Fast Company published another study that explores ChatGPT’s ability to write job posts and feedback and how it performs regarding gender bias. When the tool was asked to generate real-world examples of workplace feedback, men were more likely to be described as ambitious and confident. At the same time, women were more likely to be described as collaborative, helpful, and opinionated. This suggests that ChatGPT’s gender bias highlights the need for companies to improve their feedback practices and eliminate demographically polarized feedback.
Sadly, racism in chatbots isn’t new. Microsoft’s 2016 chatbot, Tay, was a prime example of the consequences of designing AI to imitate human behavior without considering potential harm. Tay’s quick descent into racist and offensive language revealed myopia bred by the tech industry’s lack of diversity. Tay was designed to win over young consumers. However, its use as a tool for harassment also highlighted the need for more women in technology and for the industry to listen to those already present.
Best practices for creating unbiased generative AI
Industry thought leaders and experts have already come to a consensus on the best methods to create fair generative AI. These include:
- Using diverse data when training the machine learning algorithms
- Testing the system for bias before deploying it
- Ensuring that the system is transparent and explainable
- Using algorithms that are designed to be less biased
Workplace diversity also plays a crucial role in AI development. By including individuals from diverse backgrounds and perspectives in the development process, we can ensure that AI systems represent the population and are less likely to perpetuate harmful stereotypes. Diversity can also lead to more innovative and effective solutions.
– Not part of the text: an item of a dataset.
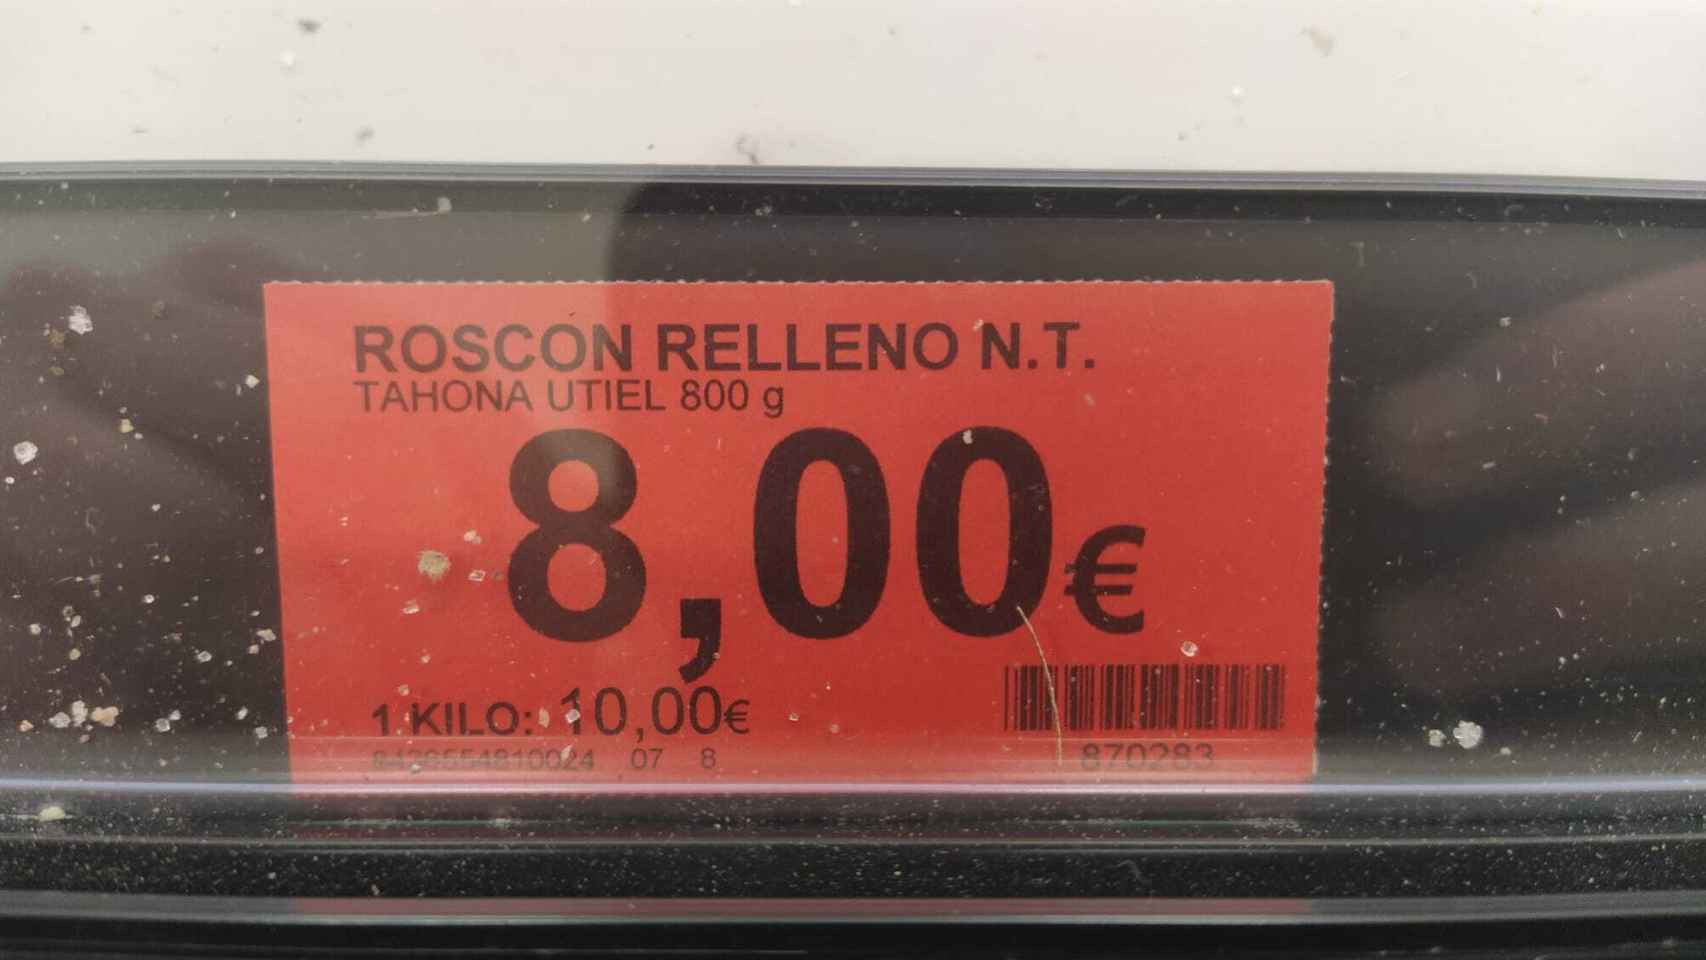 El precio de cada roscón de 800 gramos es de 8 euros.

Future implications for generative AI and bias
The future implications of generative AI and bias are significant. As generative AI becomes more advanced and widespread, it is vital to ensure that it is not perpetuating harmful stereotypes or leading to unfair treatment of individuals.
Bias in generative AI is a serious problem that must be addressed, and as we have seen in recent years, consumer demand can be a significant driver of change. The longer these issues are allowed to exist in the marketplace, the harder it will be to roll back the damage already done. So try some of these AI tools, and when you discover examples of bias, inform the developers of your disappointment.